Many creative people struggle with planning. Writing in Coaching the Artist Within, psychologist and creativity expert Eric Maisel suggests “Five Golden Rules of Planning” to help creative people set their goals and formulate better, more realistic, more effective short and long range plans.
Too often our best and well-intended plans fail – let’s be honest – reinforcing our reluctance to plan. Just thinking of plans can make us anxious and brings up all the old plans that didn’t work out for any number of reasons. Gahhhh. So now we have a strong negative reaction, an aversion to planning, we hate to plan!

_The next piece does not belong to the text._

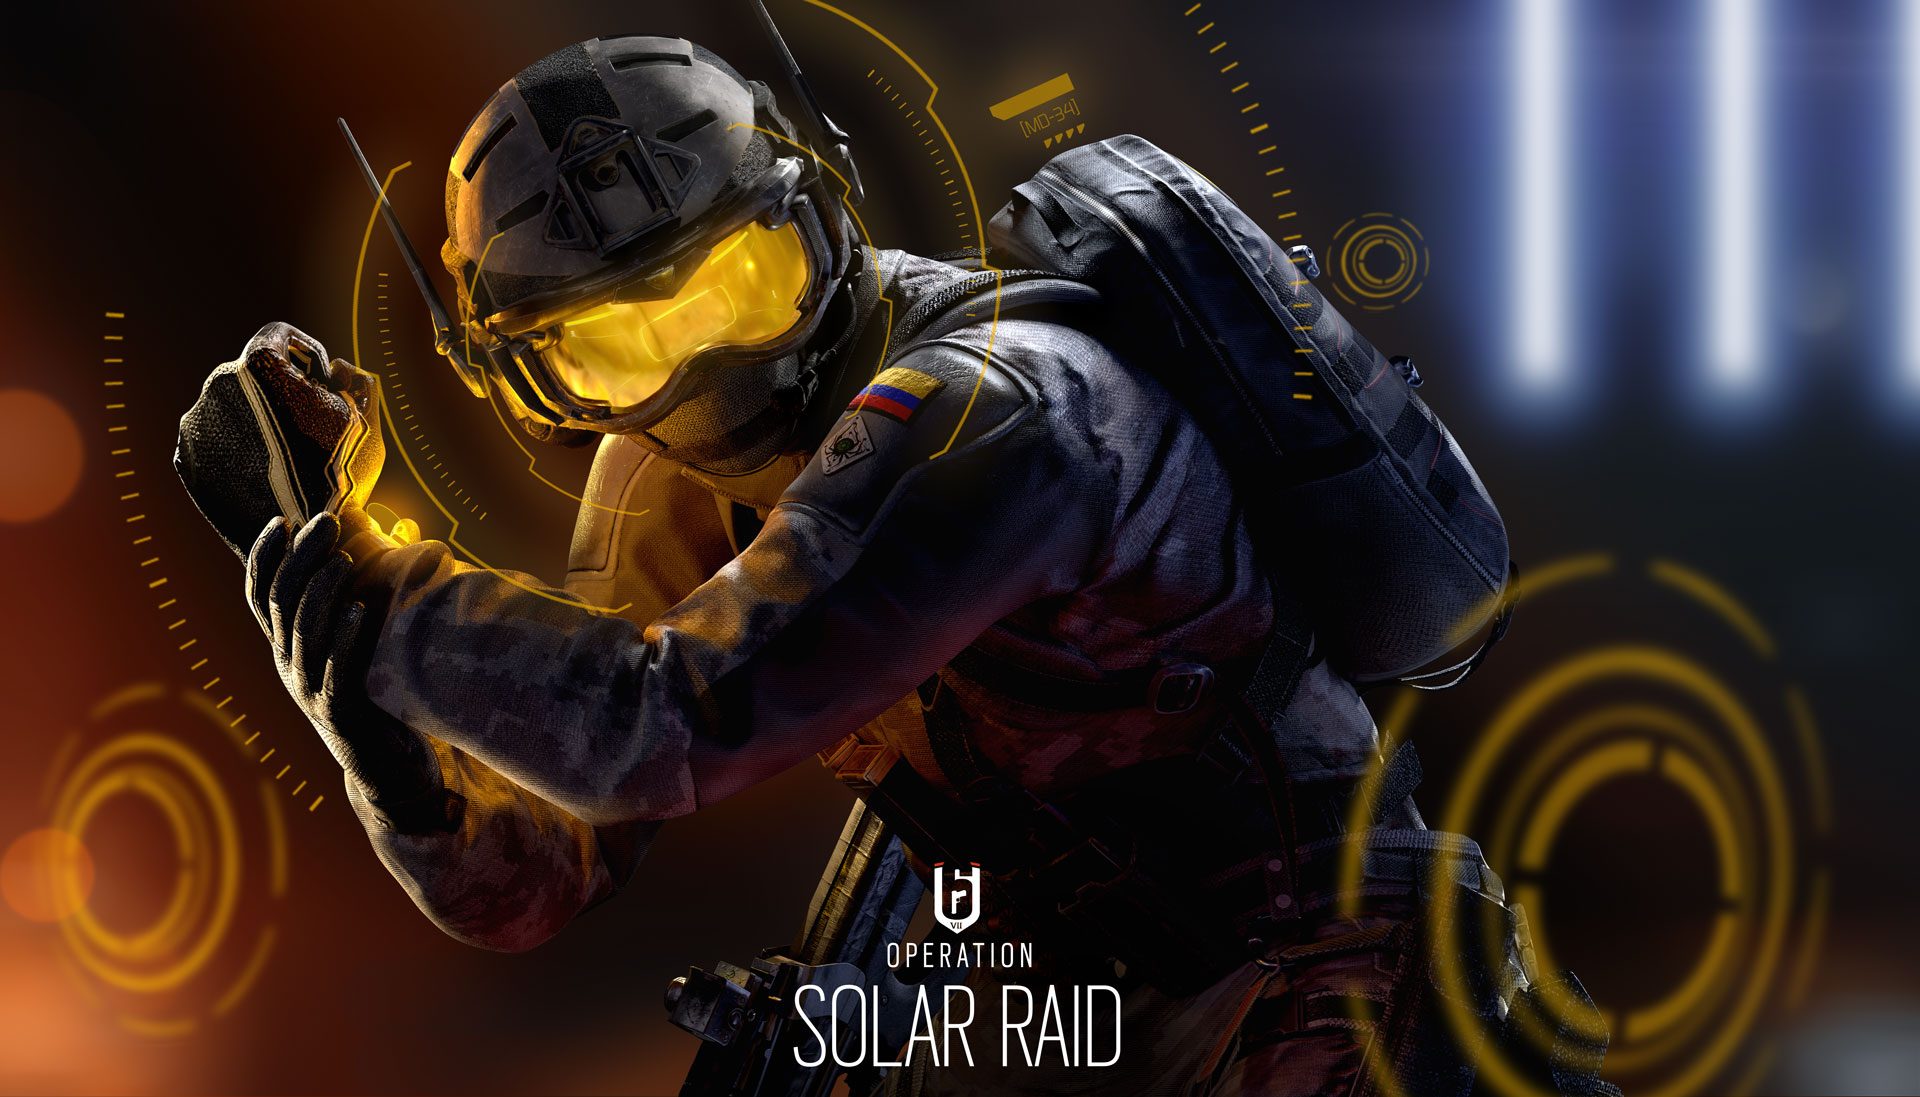 Rainbow Six Siege Operation Solar Raid brings new Operator, map and cross-play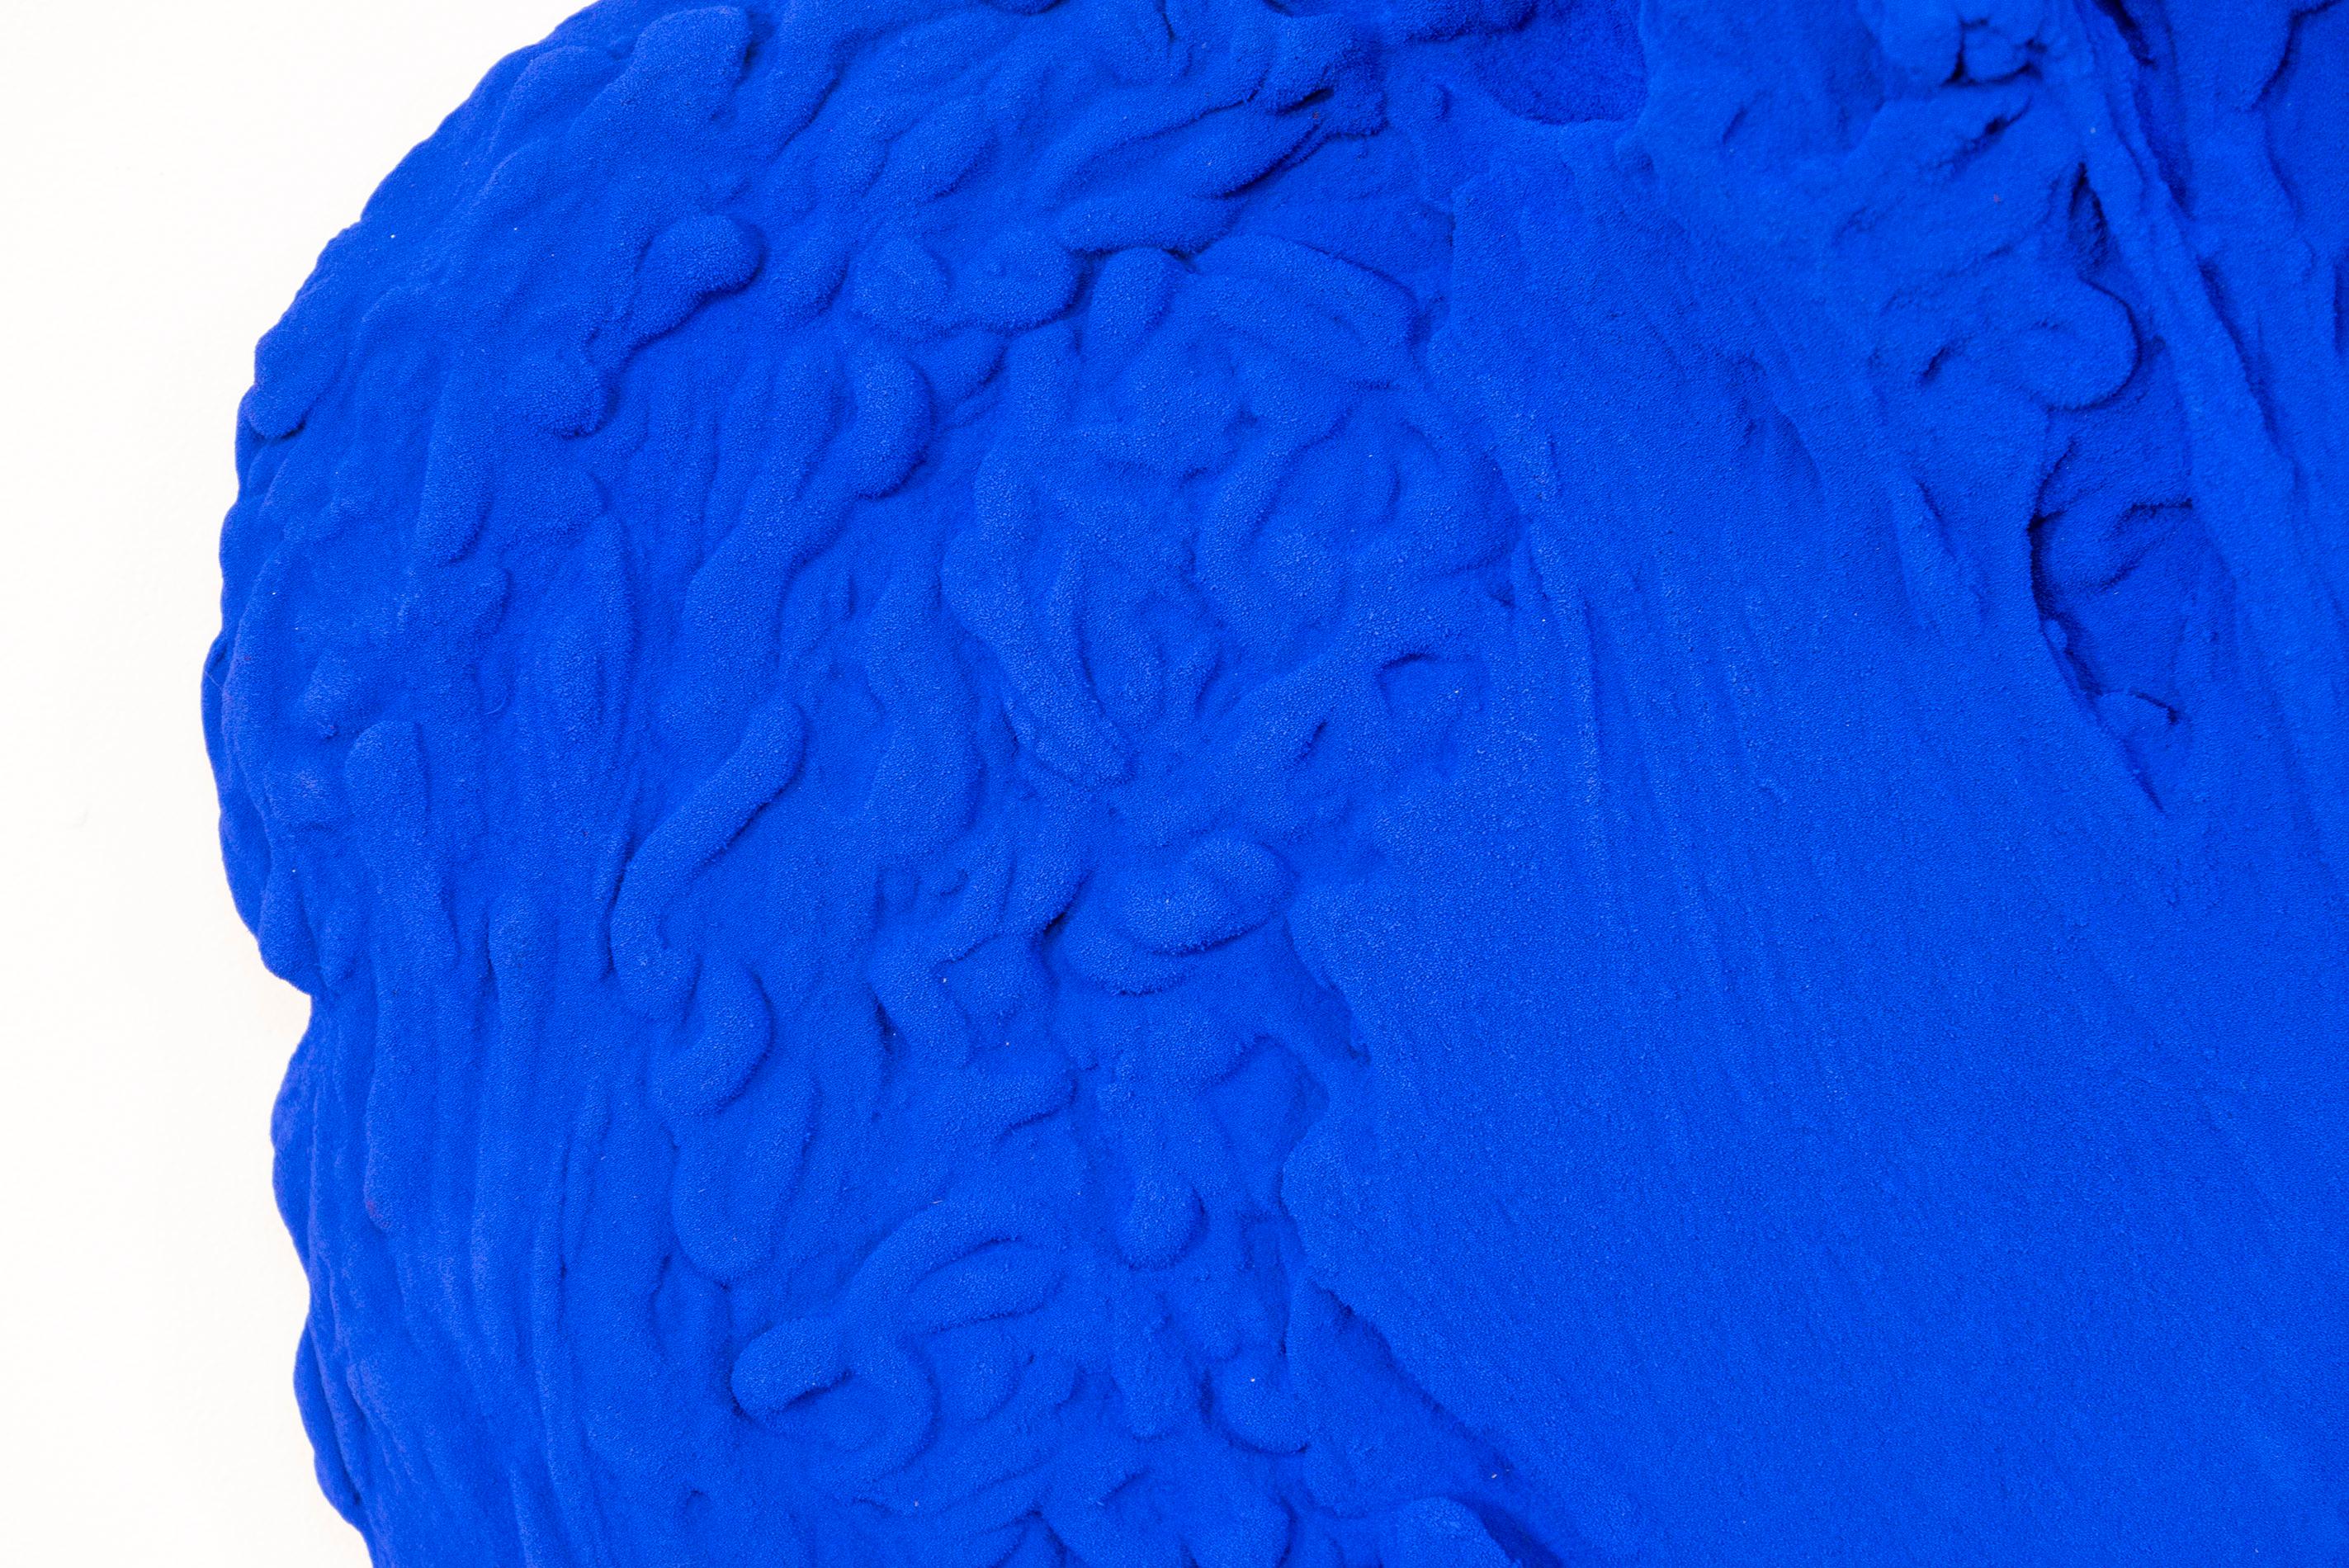 Blue Matter 2 - matte, blue, textured, abstract, mixed media wall sculpture For Sale 1

On the other hand, we all know that old saw about how failing to plan is planning to fail. Yet we are driven and determined to make meaning and create. So how do we get ourselves out of this Catch-22?
Try these planning steps.
1. Plan for Each Day
Make a simple daily plan. Maisel suggests using no parameters beyond the stark clarity of: I intend to write (pain/compose/play) every day. In essence, this commits you to honoring the process daily.
2. Plan for the Long Haul
Have a flexible long range plan reflecting the long term creative journey you envision for yourself and your way of making meaning according to your personal mission statement. This longer term plan includes meaningful quantitative measurements and interim goals, or bench marks or milestones, such as completing a specific number of pieces by a certain date. This requires essentially working toward specific goals and honoring the goal-oriented process.
3. Reality Check
Use common sense. Be sure your plans are realistic in the sense that you are not allowing your enthusiasm to take you to pie-in-the-sky fantasy land of what could reasonably be accomplished. It’s good to stretch, yes, but don’t set yourself up to fail from the start!
Tailor your plan to fit YOU. Be sure your plan reflects your personal work habits and what works best for you, your schedule, and your energy levels.
5. Check In Often
Re-evaluate your plan periodically. About once a week, ask yourself honestly if you have been sticking to your plan? How does the long term plan look? Are you on pace to meet it? If not, either adjust your behavior accordingly, or change the plan so it is more workable.
Do you consciously make (and follow!) plans? Do you have a standing daily plan? A long range plan? How is it working out for you?